There's a common, somewhat humorous saying in China these days, "The most unprivileged group in society are the divorced women in their 30s or 40s, plus a mischievous son."

Young women are prized as marriage partners and those who are 30 or older are commonly described as "leftover" women, even moldy tofu.

Sons are especially undesirable, because boys are considered more difficult to handle than girls. Further, the expenses for a son's education and marriage can be daunting.

Among many matchmaking advertisements by men in Shanghai, "no child" is frequently a requirement in the case of a woman who is divorced or widowed.

"For a single mother, to find love is much harder than you could expect," says Yang Cheng, a 41-year-old business consultant. "There are too many things that have to be balanced. For me, finding the right stepfather for my son is more important than finding the right husband for me. Maybe Chinese mothers are like this. If my boyfriend could take my son out for football, tennis or swimming on the weekend, I would be happier than if he took me out for a candlelight dinner."

Yang says it's sad that every year she lowers her standards for a future partner. "Now, his income, his apartment and his profession are not on my list. Instead, his character and open-mindedness matter most."

Considering what kind of father and stepfather a man will be far outweighs many other considerations among most single mothers.

The outlook is not encouraging. Unmarried, older "leftover" women are typically preferred to divorced or widowed women, with or without a child.

"I am now dating a man who is nearly perfect in every respect, but I am rather afraid of telling him that I have a little daughter who is cared for by my parents," says Wen Lan, a 36-year-old senior accountant.

"I love him dearly, even more than my ex. I know it's cheating, but if I told him on our first date that I have a child, then everything would be over," she says. "I'm gambling that the stronger our relationship becomes, the greater is the possibility that he could accept the truth. Each time we meet, I want to tell him, but I don't dare. I struggle with myself every day."

Whether it works out or not, Wen says she is fortunate to have met a man she truly loves.

Some of Wen's friends suggest she and her son emigrate to Canada to find a foreign partner. "It seems Westerners are more open to accept children who do not have their blood," she says.

As they get older, most of these single mothers accept the fact that they are no longer starry-eyed girls looking for love.
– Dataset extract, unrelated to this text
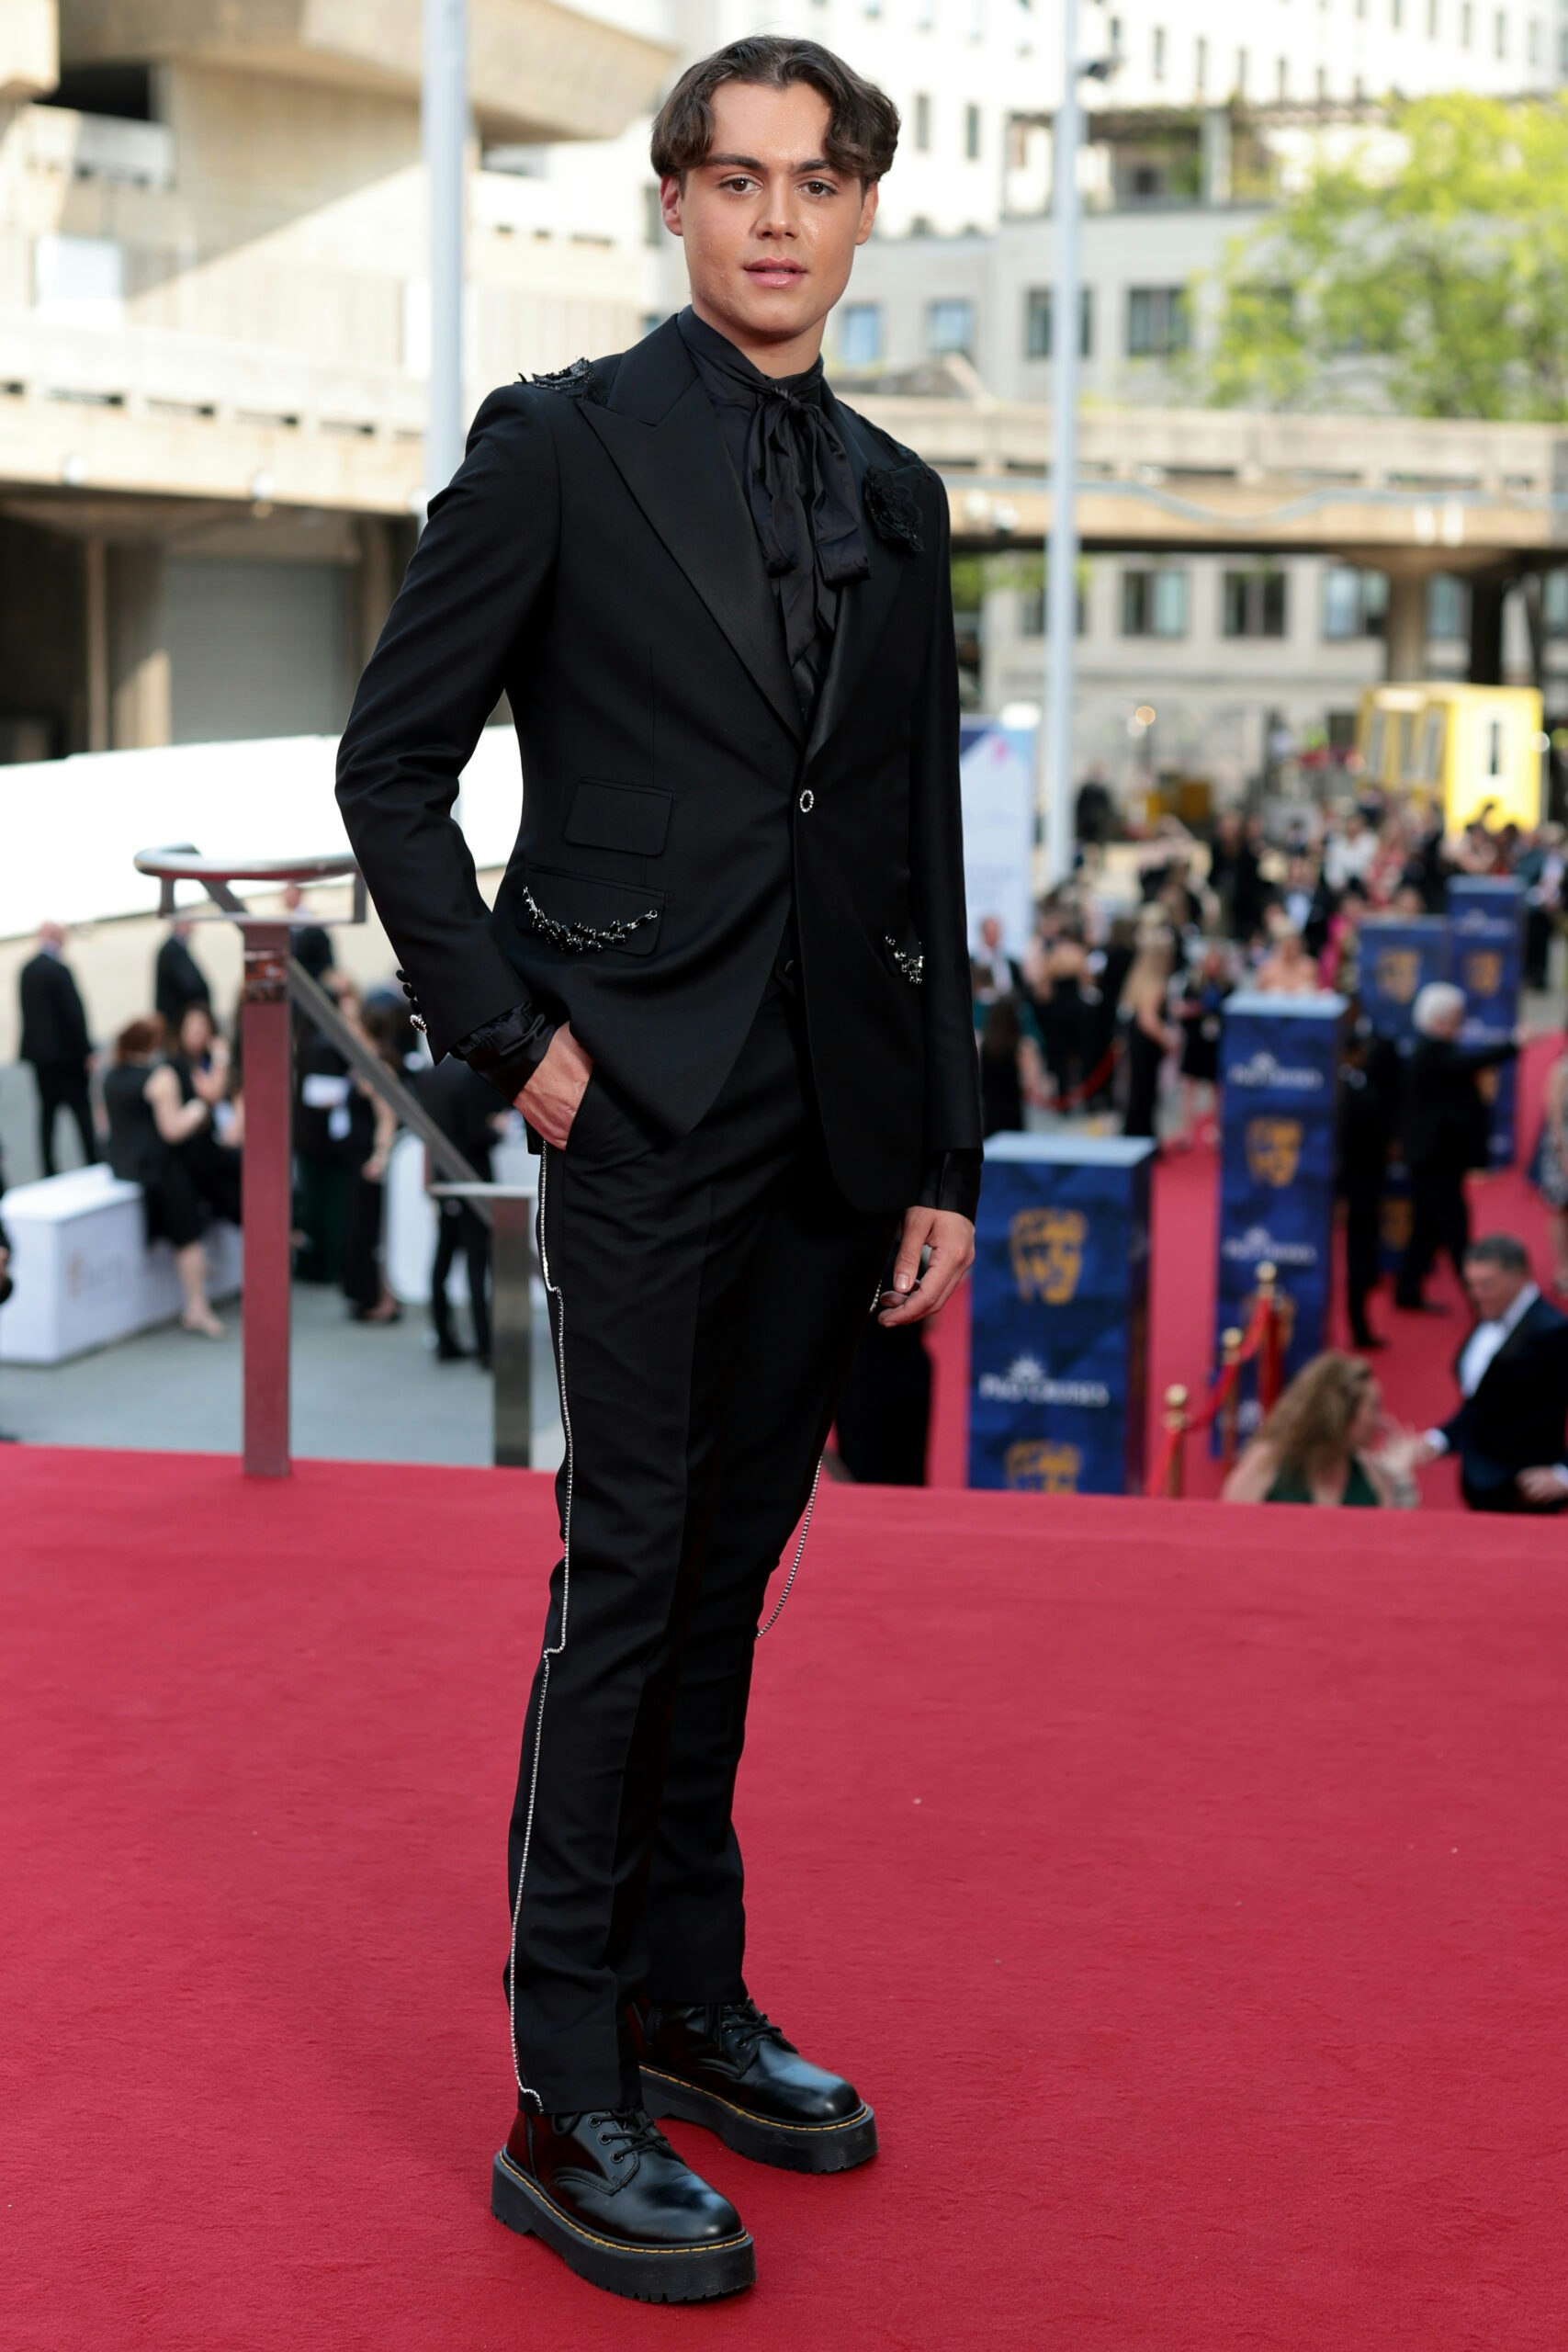 Bradley at the BAFTA Television Awards earlier this week

Passion for love has become determination to find security and peace in a marriage, if there ever is to be a second marriage.
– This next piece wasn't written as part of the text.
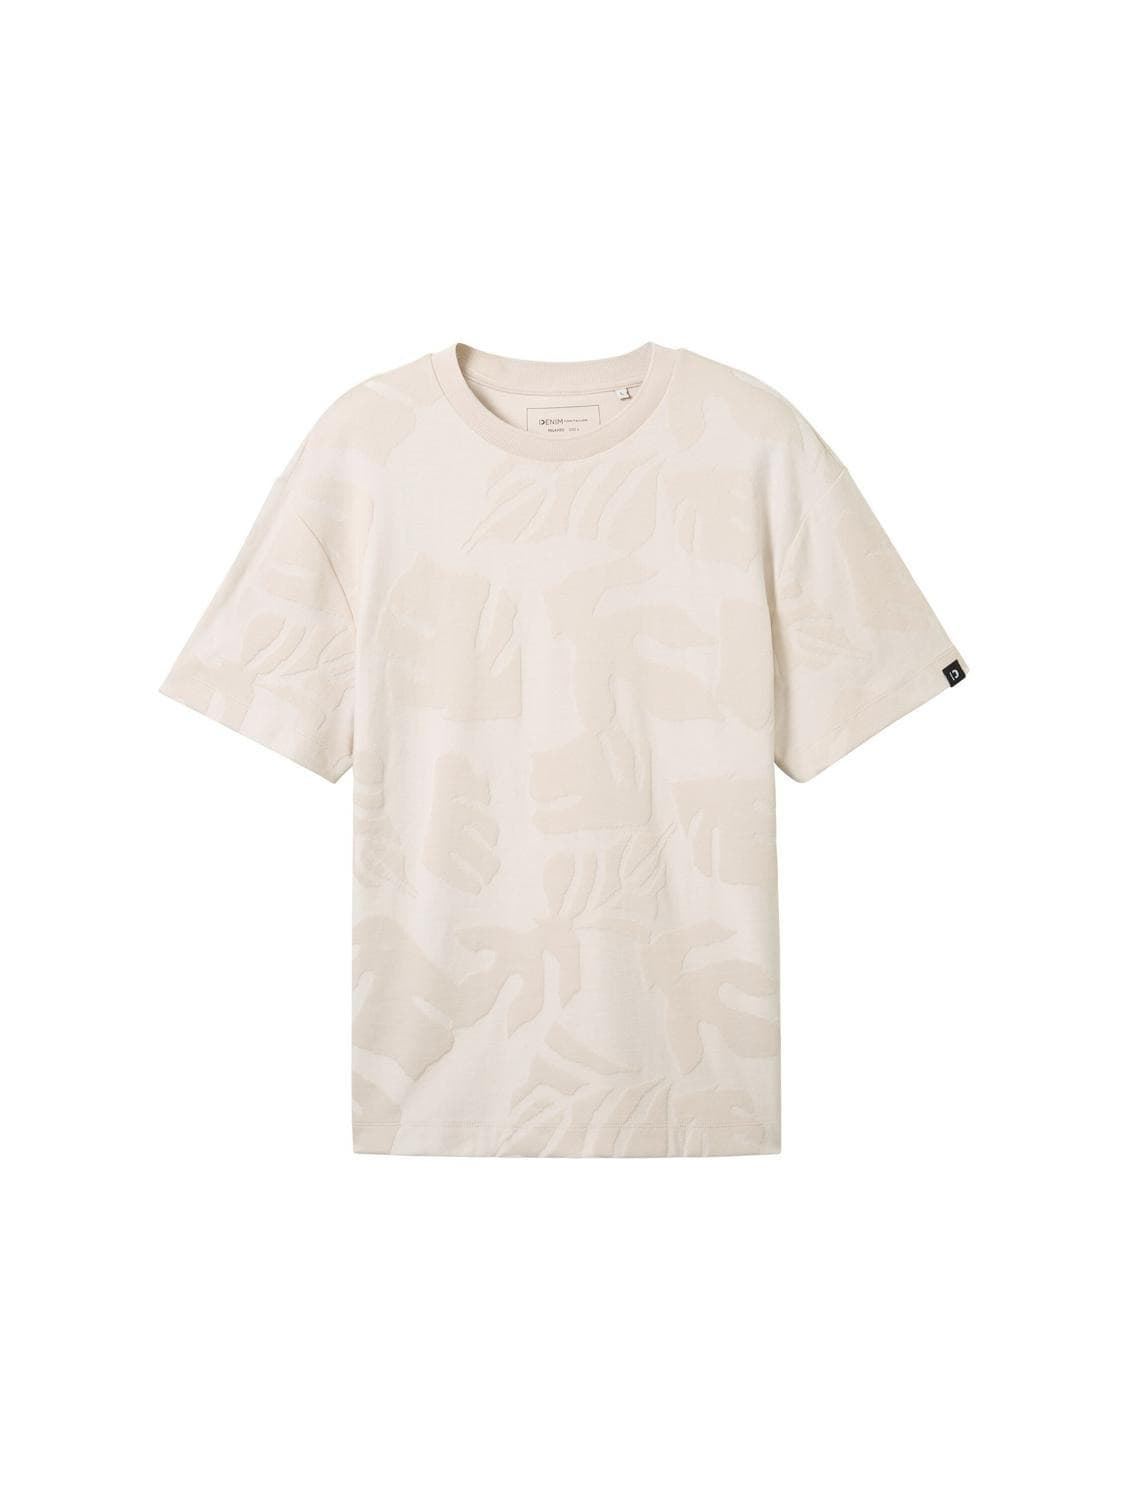 Camiseta Tom Tailor 1040870 35003 beige leaves jacquard - Imagen 1

"I'm fully occupied in my daily work and when I get back home I have to help my daughter with her homework. On weekends, I'm the one to take her to different training classes," complains Wu Ying, who has an 11-year-old daughter. Her husband died of cancer five years ago.

She finds being both a mother and father beyond her capacity, physically and spiritually. "I'm so exhausted! Sometimes I just want a shoulder to cry on, that's my own emotional yearning."
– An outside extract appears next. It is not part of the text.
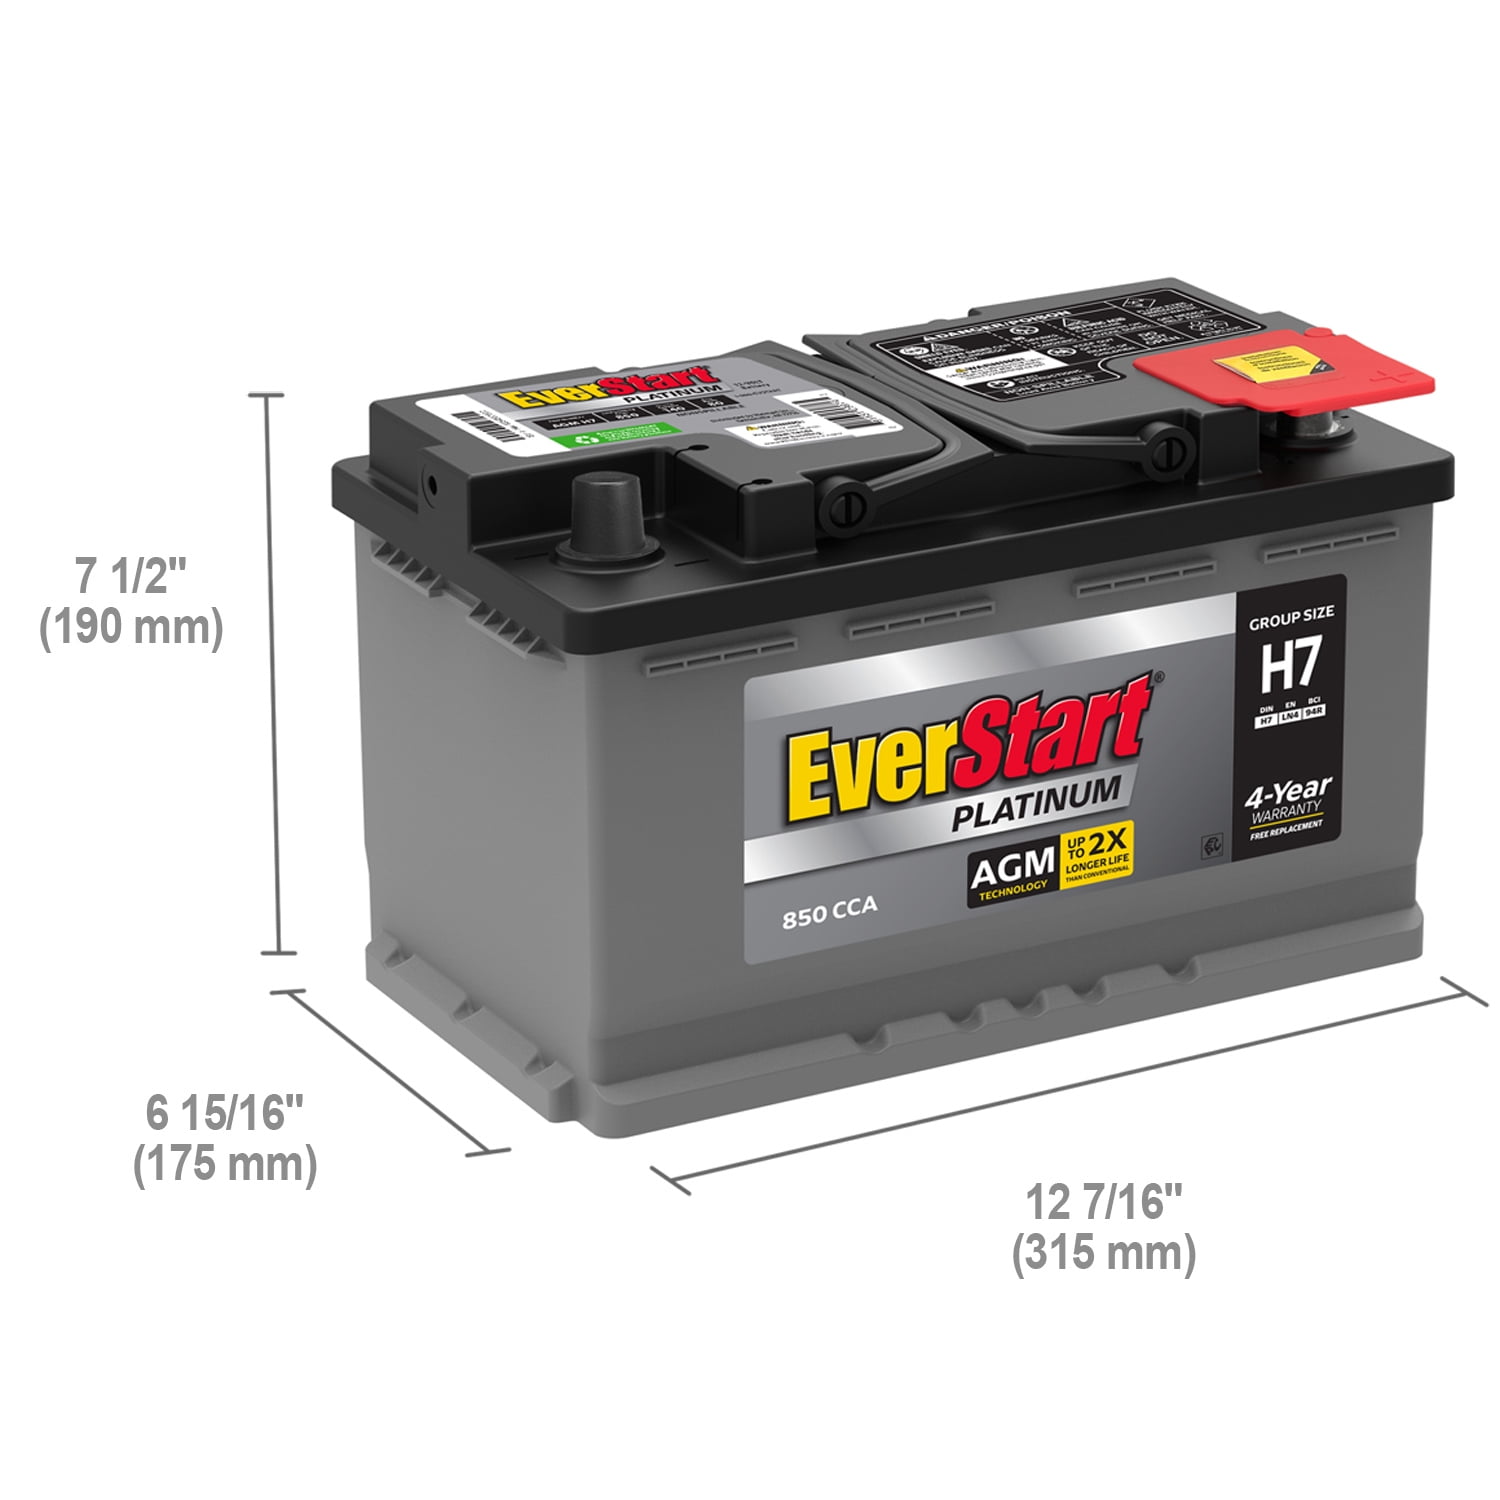 EverStart Platinum AGM Automotive Battery, Group Size H7 / LN4

However, where there's life, there's hope, so the saying goes.

"I was the one who proposed divorce to my husband," says Rita Wei, a manager at an international advertising company. "I earned much more than he did; I felt he contributed so little to the family. We were not on the same level."

She says she is "happier" and her parents happily take care of her son.

"I don't think that the life of a single mother should be miserable. You deserve the kind of life you want. Now I have a boyfriend and he also has a son, so we communicate about how to educate children and how to run our family in the future."

Wei is not alone in her optimism. Song Si is a freelancing scriptwriter and a single mother in her 30s.

"I don't see myself as a loser," Song says. "It might not be easy for a single mother to find true love, but even without a man I can still lead a happy life with my son."

The two often go on weekend outings to the outskirts with another family. "At my age, a man is not that important. Luckily, I have my son and my mood is calm and accepting of whatever life will give me. If a Mr Right comes long, perfect. If not, that's okay too. Life is filled with joy and hope."